→ **Prompt**
Output nothing but the lines from the first line of the listing below through the line containing "Enterreno - Fotos", printed exactly and free of pictures.

→ **Data below**
--
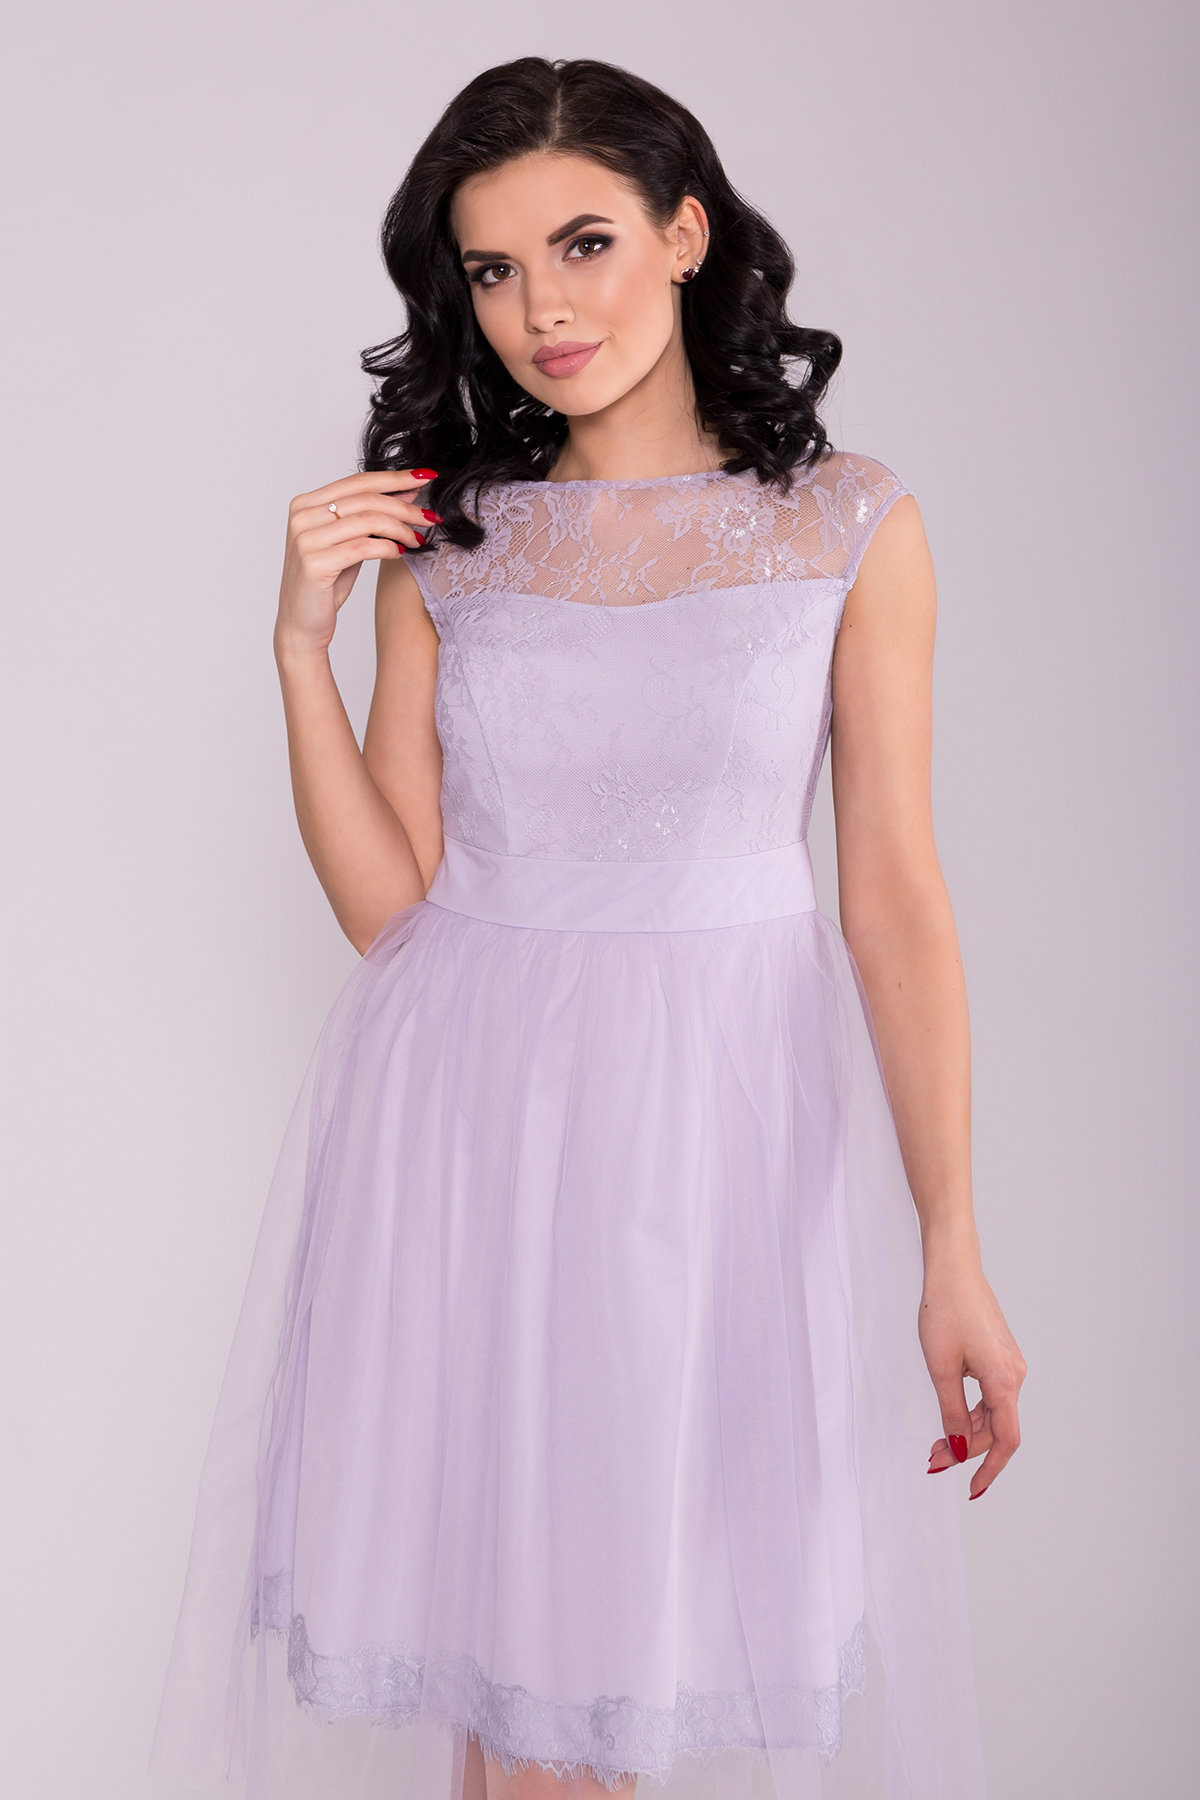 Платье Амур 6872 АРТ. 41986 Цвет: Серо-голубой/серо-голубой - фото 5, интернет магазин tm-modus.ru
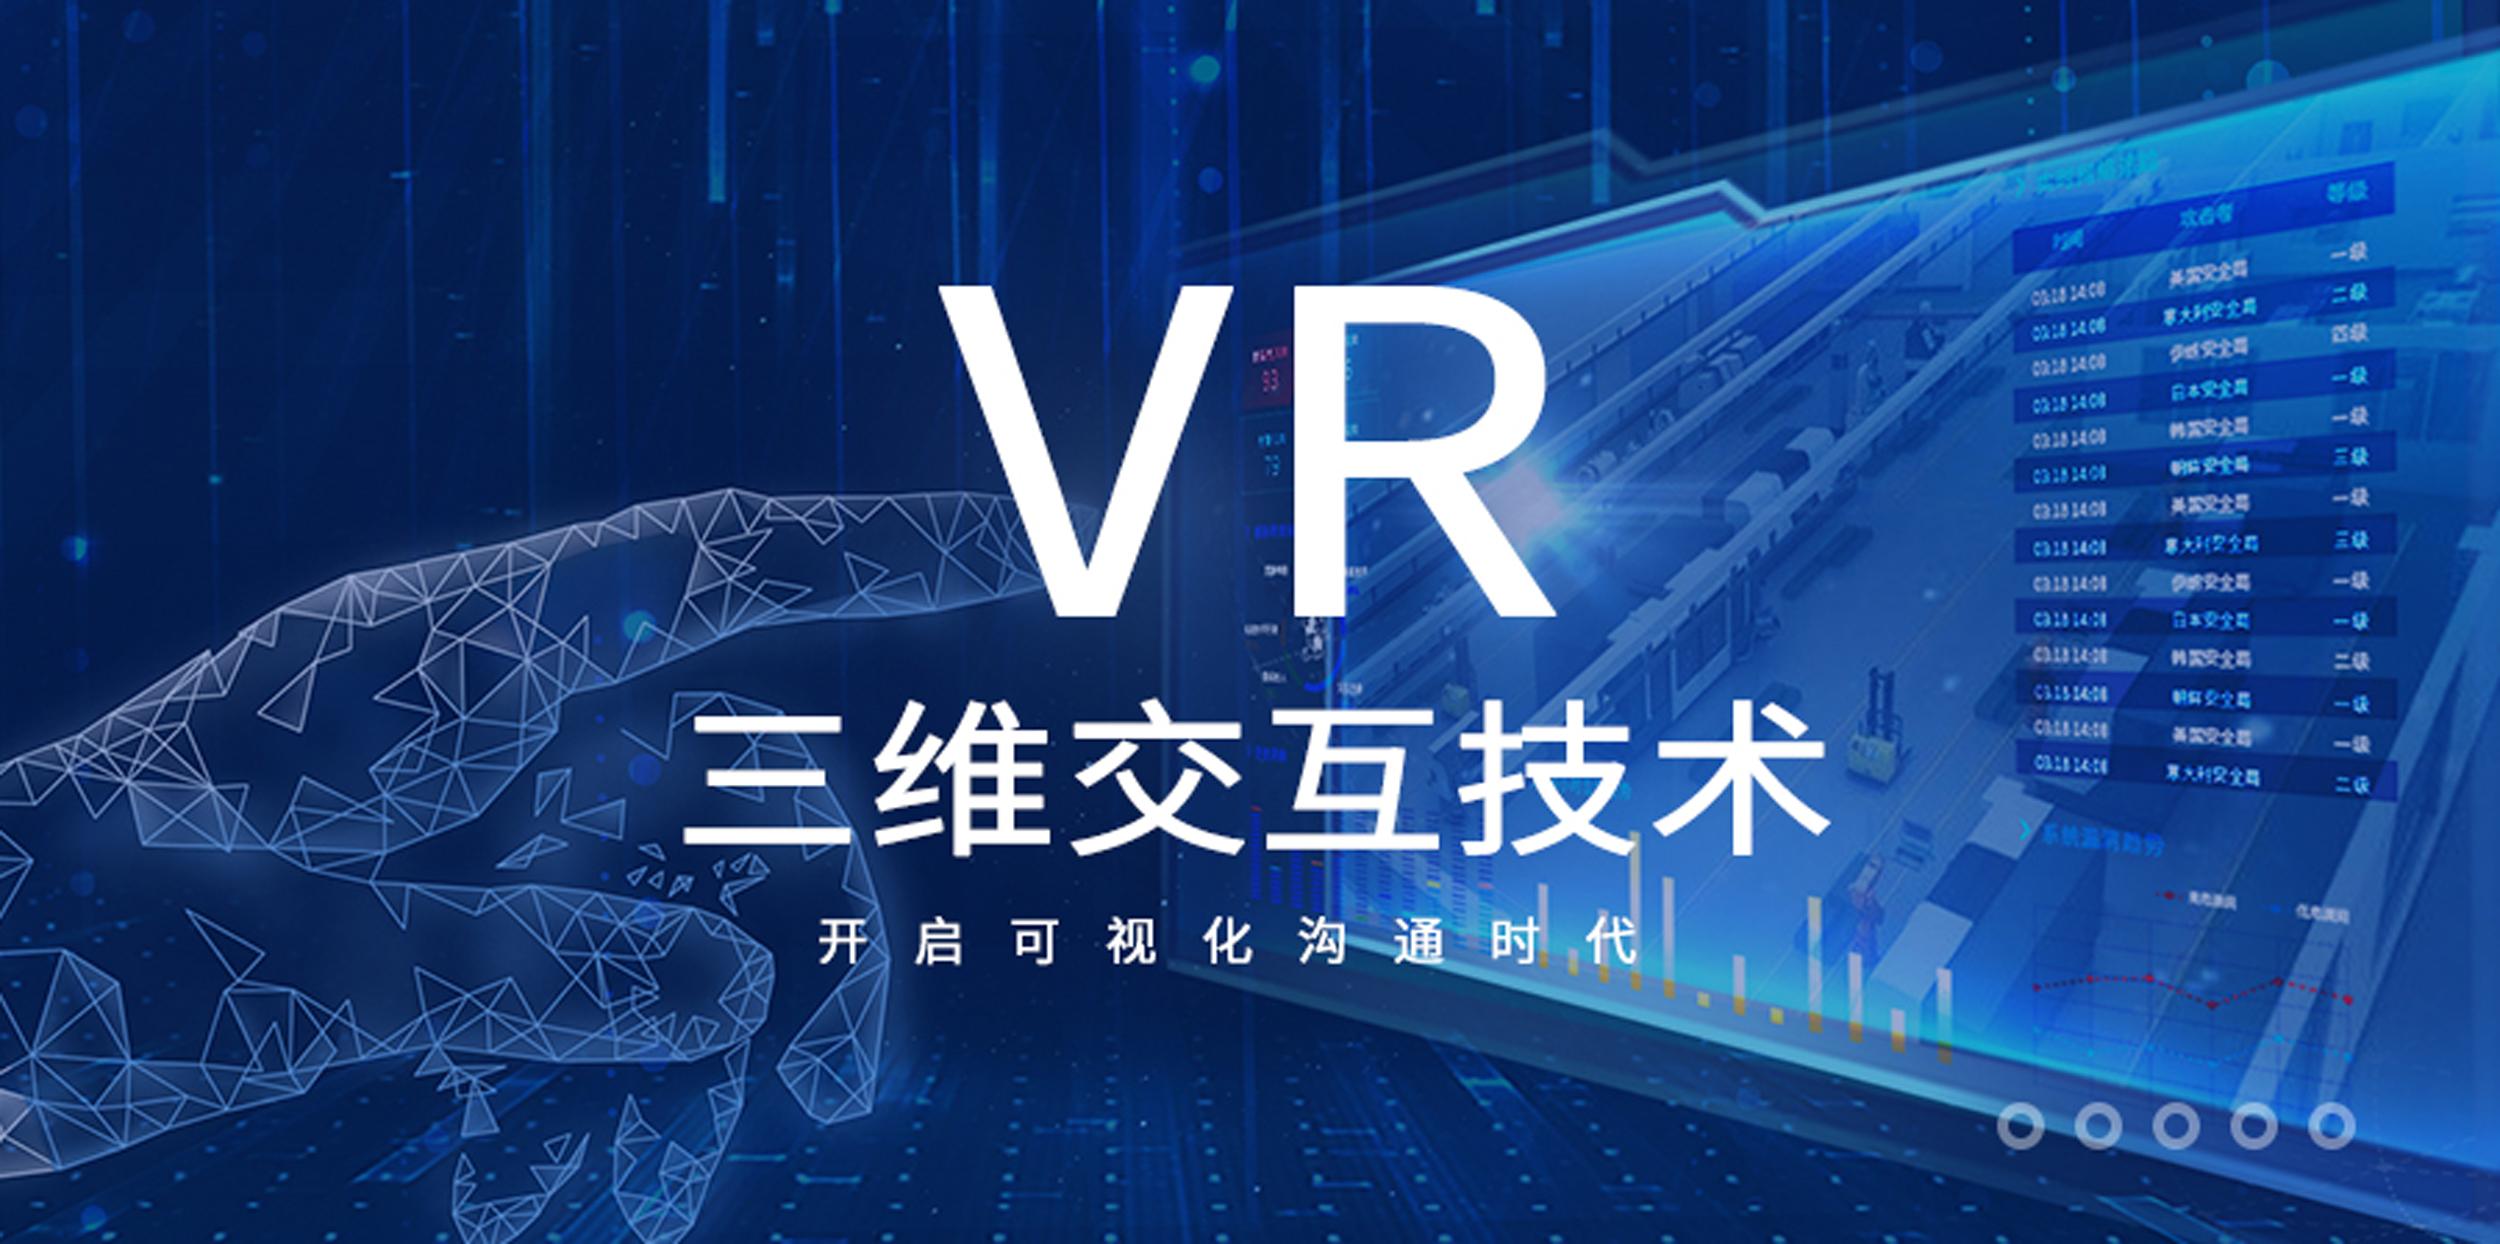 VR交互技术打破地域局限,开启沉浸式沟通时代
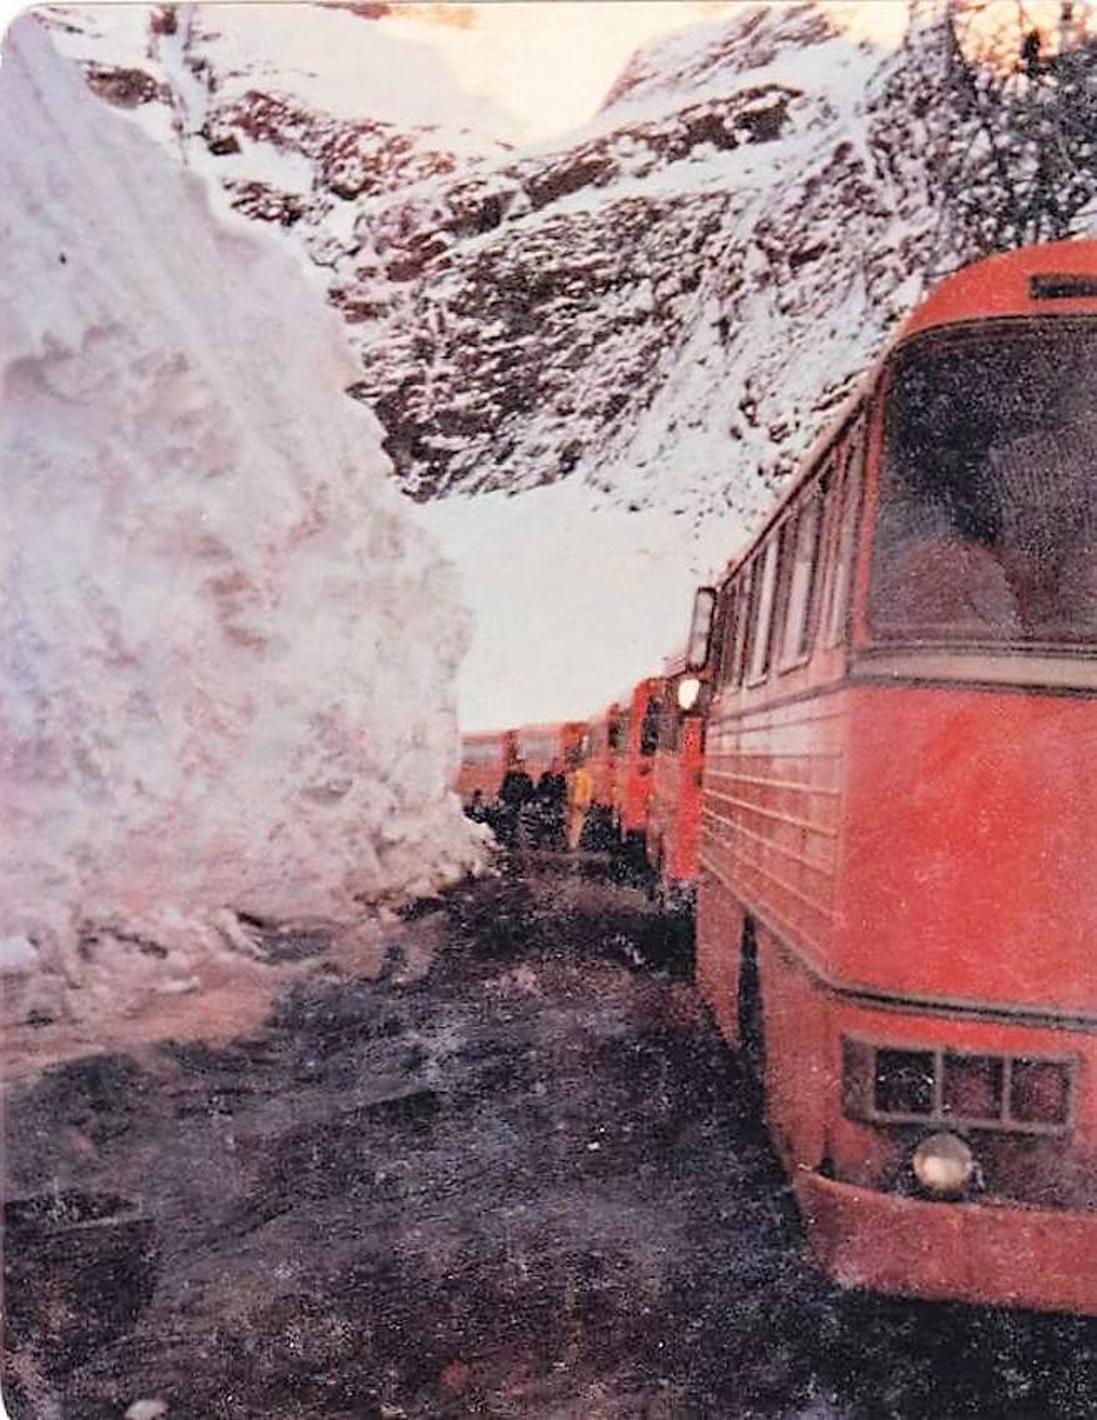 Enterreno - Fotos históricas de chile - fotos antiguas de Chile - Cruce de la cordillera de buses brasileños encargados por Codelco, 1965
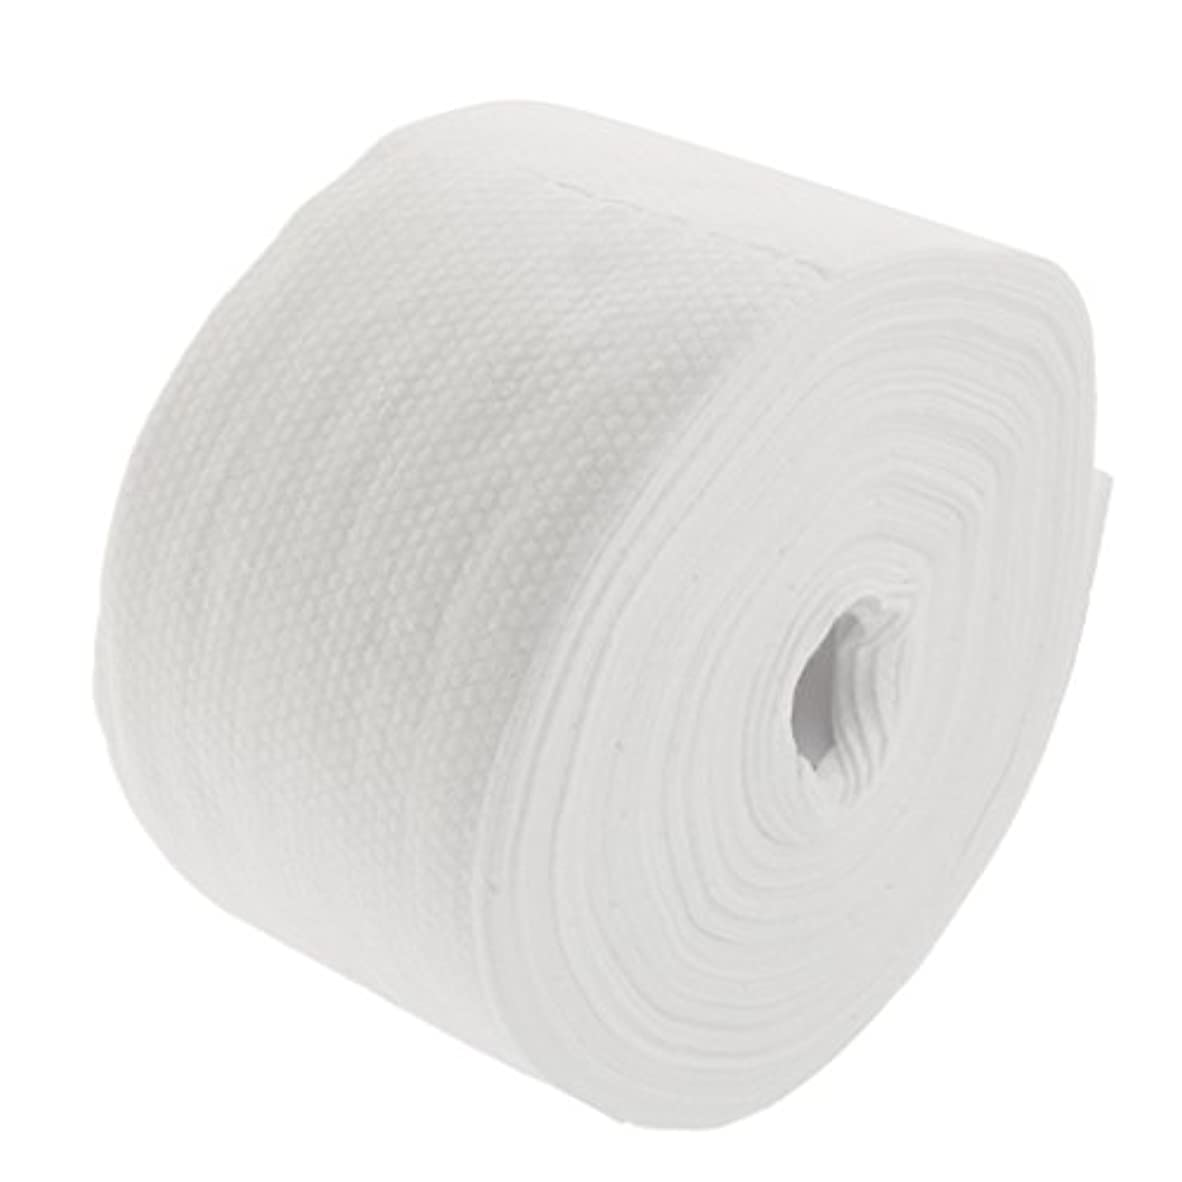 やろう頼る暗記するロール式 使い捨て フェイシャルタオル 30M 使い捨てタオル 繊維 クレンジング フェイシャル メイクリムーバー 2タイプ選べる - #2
--
→ **Answer section**
 Платье Амур 6872 АРТ. 41986 Цвет: Серо-голубой/серо-голубой - фото 5, интернет магазин tm-modus.ru
 VR交互技术打破地域局限,开启沉浸式沟通时代
 Enterreno - Fotos históricas de chile - fotos antiguas de Chile - Cruce de la cordillera de buses brasileños encargados por Codelco, 1965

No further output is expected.